This post by Will Perry of Monckton Chambers considers last week’s General Court ruling in Case T‑231/20 R, Price v Council, which is the first time since Brexit that the loss of EU citizenship by UK nationals had been addressed by the Court.
Mr Price’s case
The proceedings were brought by David Price, a UK national who exercised his free movement rights by moving to France more than 15 years ago. He was elected as a municipal councillor for the commune of Bussière-Badil in the Dordogne in 2014. On 23 January 2020, France’s Minister of the Interior published a circular stating that UK nationals would no longer be able to stand or vote in municipal elections as a result of the UK’s exit from the EU.
Mr Price sought to challenge this decision. The French Conseil d’État rejected his arguments. Significantly, it also dismissed his application for a preliminary reference under art.267 Treaty on the Functioning of the European Union (“TFEU”).
Application to the CJEU
Following the dismissal of his domestic claim, Mr Price brought a new action for partial annulment of the Withdrawal Agreement and the decision taken by the Council to adopt it (GC judgment, §10).
Mr Price’s arguments are set out here. His main ground of challenge appears to centre on how the Withdrawal Agreement leads to a removal of EU citizenship for UK nationals “without exception‘ i.e. in an indiscriminate, blanket fashion, without regard to individual circumstances. As a long-standing French resident and local councillor, who had been in France for so long by the time of the 2016 Referendum that he was ineligible to vote in it, Mr Price appears to argue that he is in a very different position to other UK nationals without such strong ties to EU Member States.
Mr Price relies here on his right to non-discrimination on grounds of nationality (Article 18 TFEU); EU citizenship rights, including the right to move and reside freely across the EU (TFEU Articles 20 and 21); right to respect for private and family life (Article 7 of the Charter of Fundamental Rights (“CFR”); rights to vote and stand in European and municipal elections (Articles 39 and 40 CFR respectively); and general principles of EU law, such as proportionality, equality of treatment, and legitimate expectation.
There is then a more specific point about the interpretation of Article 127(1) of the Withdrawal Agreement. It provides that “Union law shall be applicable to and in the United Kingdom during the transition period‘. This is, however, subject to certain exceptions, including (at Article 127(1)(b)) rights to vote and stand in European and municipal elections. The Conseil d’État relied heavily on this provision, concluding that it allows EU-27 Member States (who are not referred to in Article 127) to remove rights to vote and stand in elections before the end of the transition period. In reaching this finding, it relied on the fact that Article 127(1) must be deemed to be consistent with Article 12 of the Withdrawal Agreement, which prohibits “discrimination on grounds of nationality‘.
The General Court’s ruling
The ruling concerned Mr Price’s application for interim measures (his main application for annulment of relevant parts of the Withdrawal Agreement is still pending).

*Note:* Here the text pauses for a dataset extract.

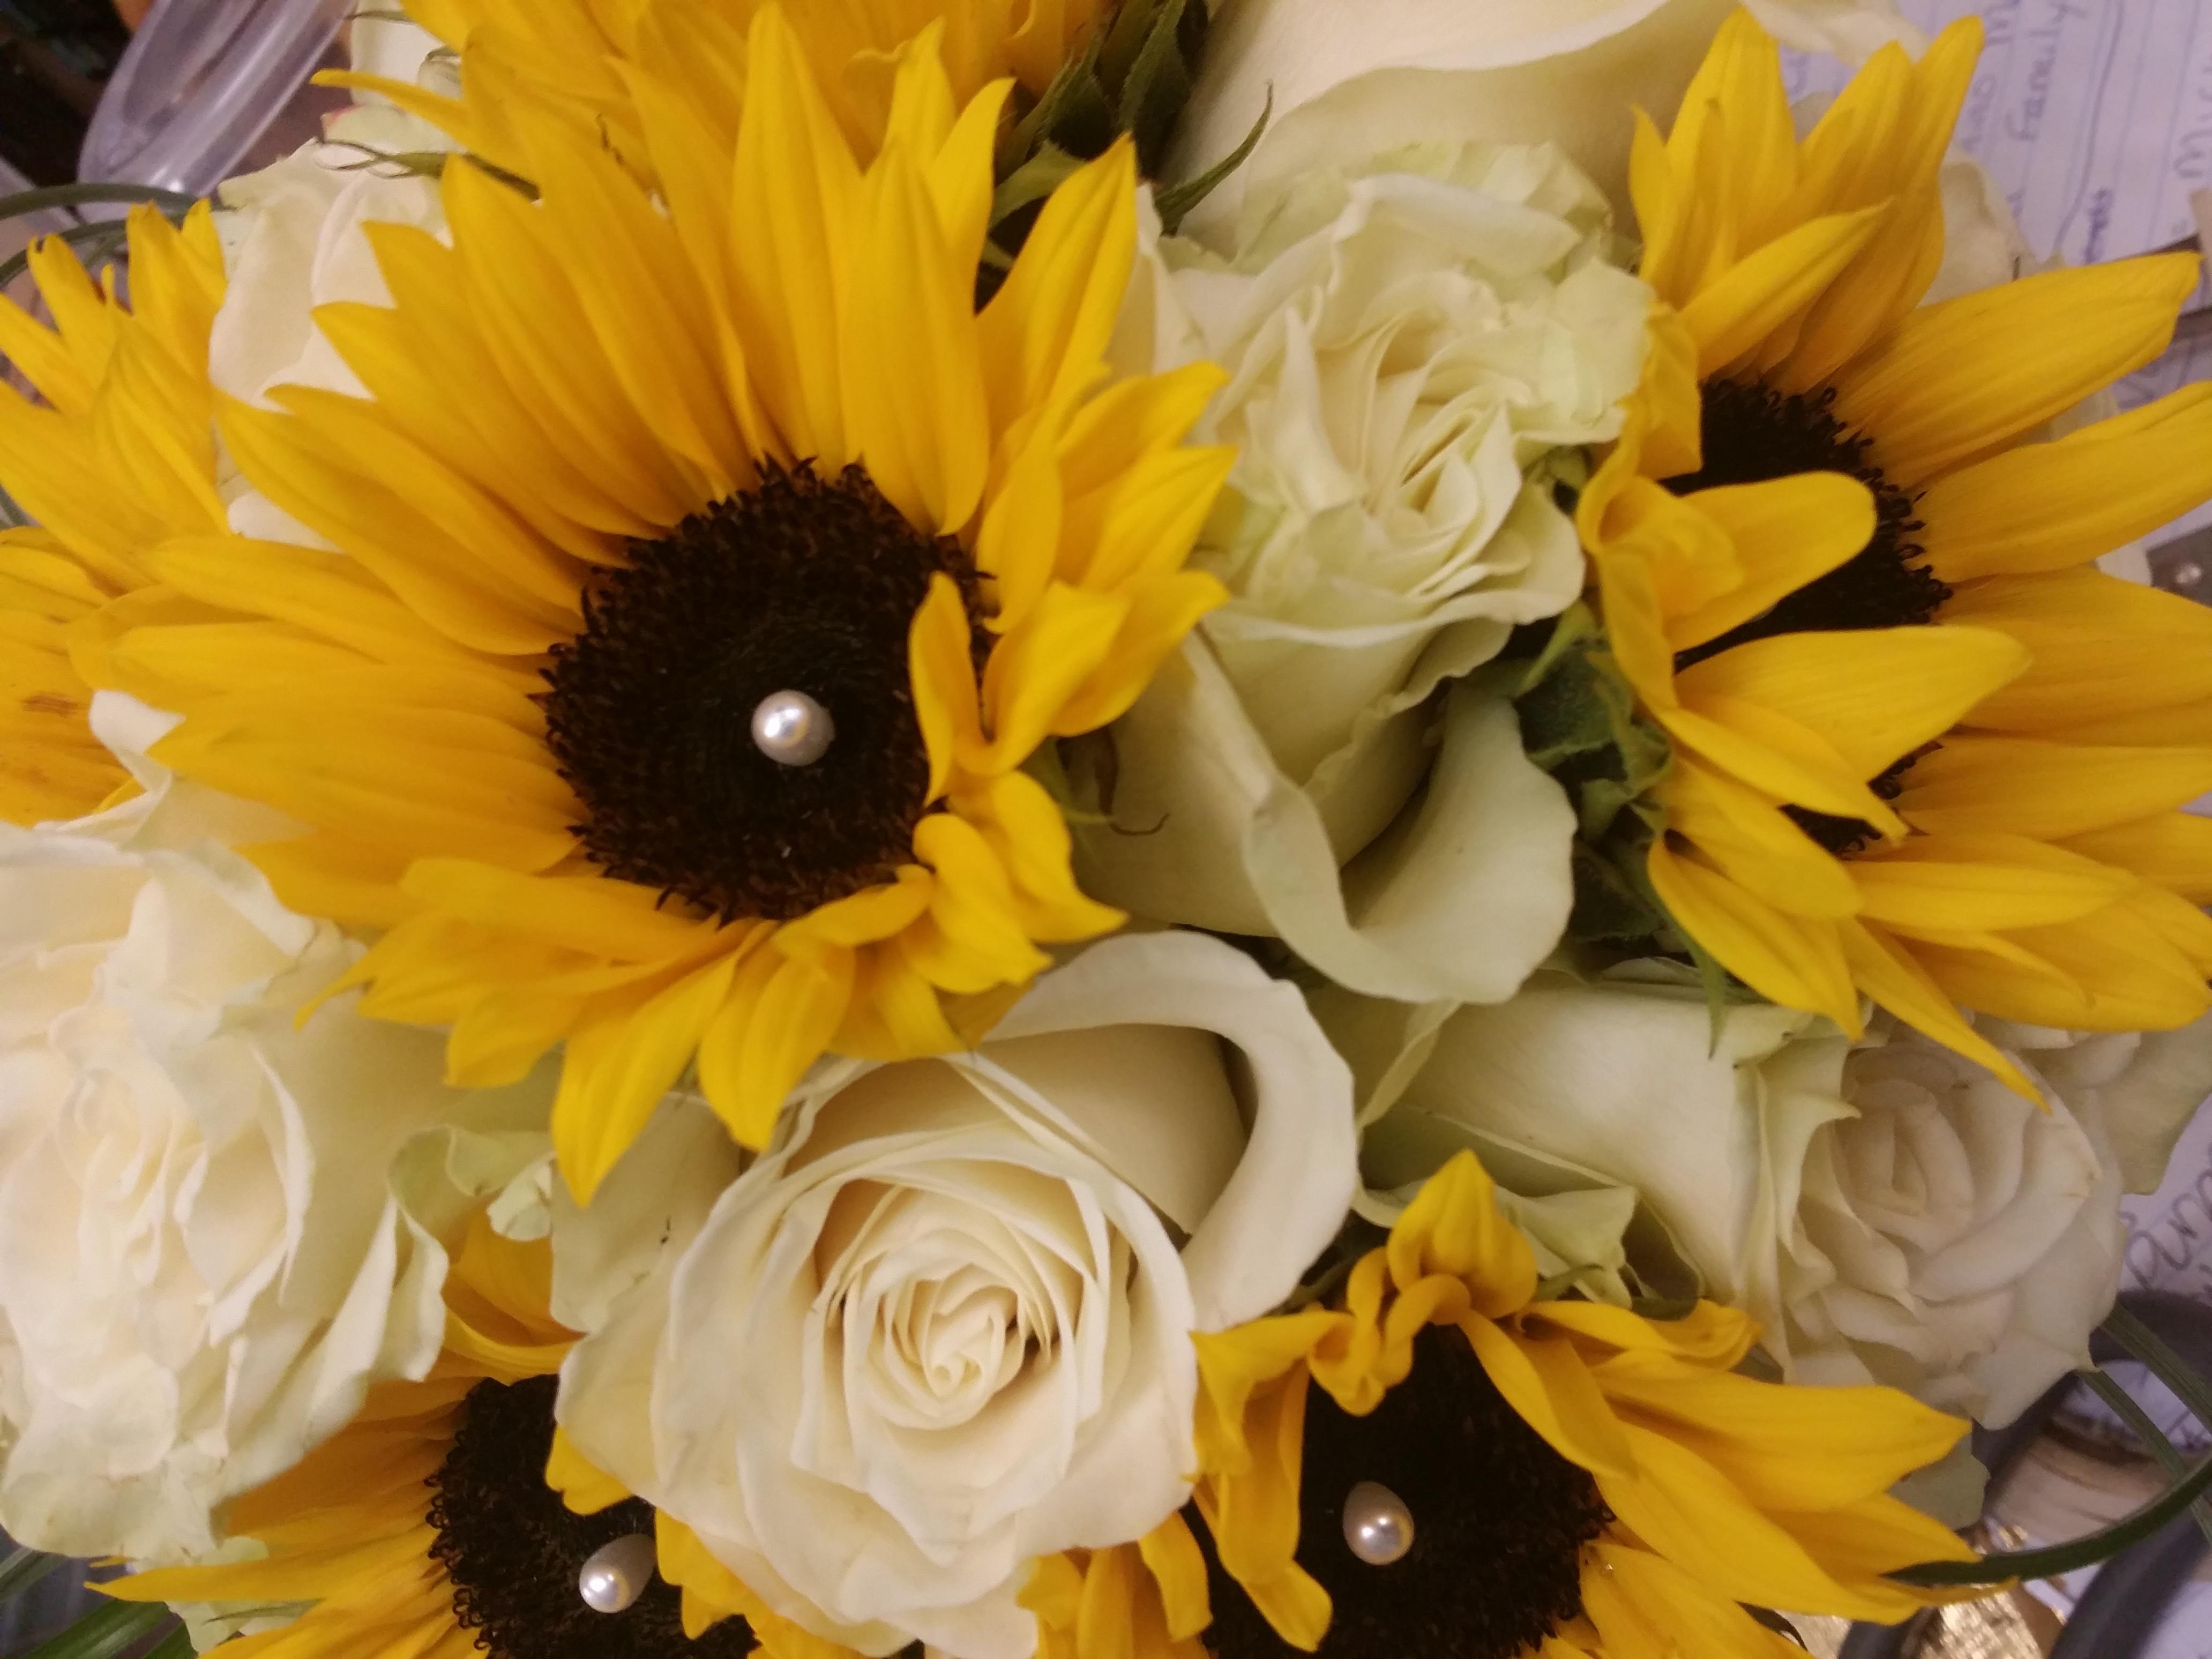 Sunflower Rose Bouquet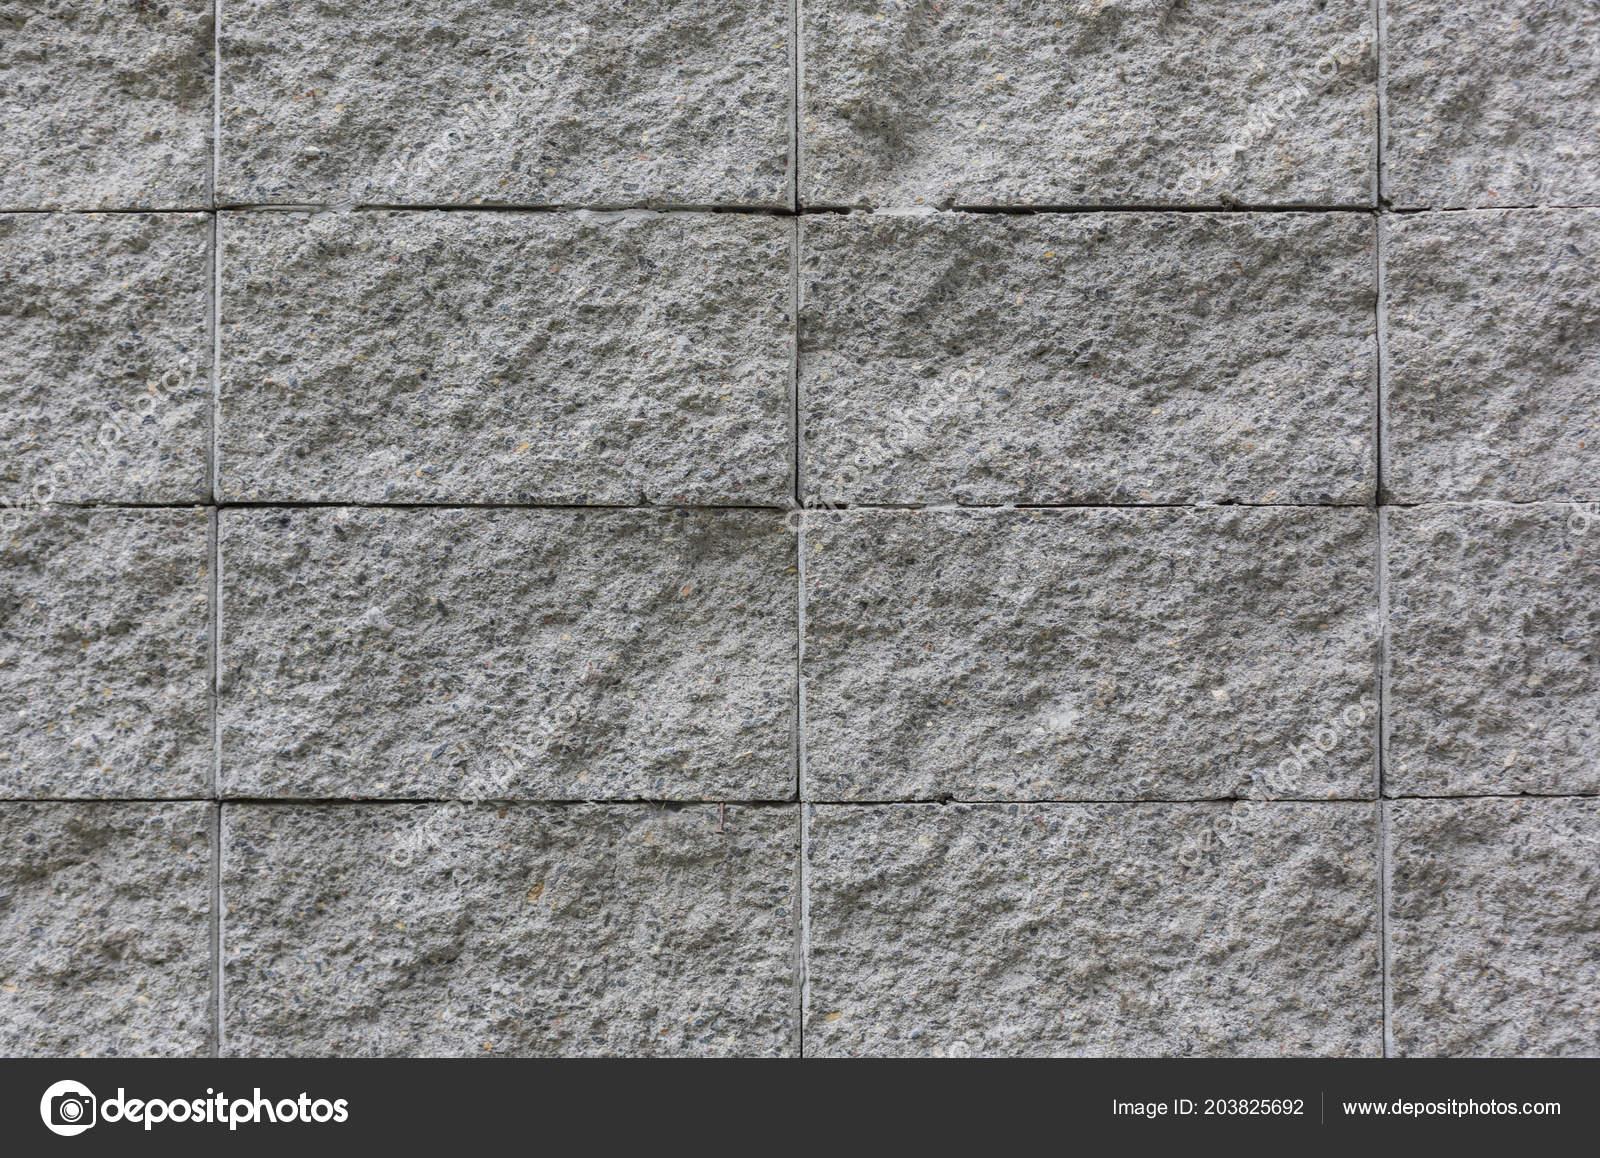 Pietra piastrelle mattoni muro modello texture sfondo u2014 foto stock

He asked the General Court to do two things: refer various questions of law to the CJEU and partially suspend any sections of the Withdrawal Agreement prohibiting him from voting and running for in the elections (GC judgment, §11).
In summary, the General Court rejected Mr Price’s case as inadmissible because it did not satisfy any of the gateways for bringing proceedings under the 4th paragraph of Article 263 TFEU. The Withdrawal Agreement could not be challenged as a regulatory act, as it entails national “implementing measures‘ – it was the French Interior Minister whose decision prevented Mr Price from voting and standing in the municipal elections (GC judgment, §§25-33). Nor did Mr Price fall within a “restricted circle’ of individuals,such that the conclusion of the Withdrawal Agreement was of “direct and individual concern‘ to him (GC judgment, §§34-45).
The General Court also rejected Mr Price’s request for a reference to the CJEU, on the basis that it was not a national court and did not have this power (§§47-51).
What next?
Mr Price still has a right of appeal to the CJEU against the General Court’s ruling and his main application is still pending. It has also been pointed out that there are two other pending cases on similar post-Brexit citizen rights issues (which, it would appear, are also direct applications). All three cases will have to overcome the challenging standing issues discussed above.
The difficulty in Mr Price’s case stemmed from the refusal of the domestic court to make a preliminary reference. UK nationals seeking clarity on these issues can only hope that another national court is minded to make a reference in a similar case at some point in the future (though, as the end of the transition is currently less than 6 months away, time is running out for determination of the Article 127 point).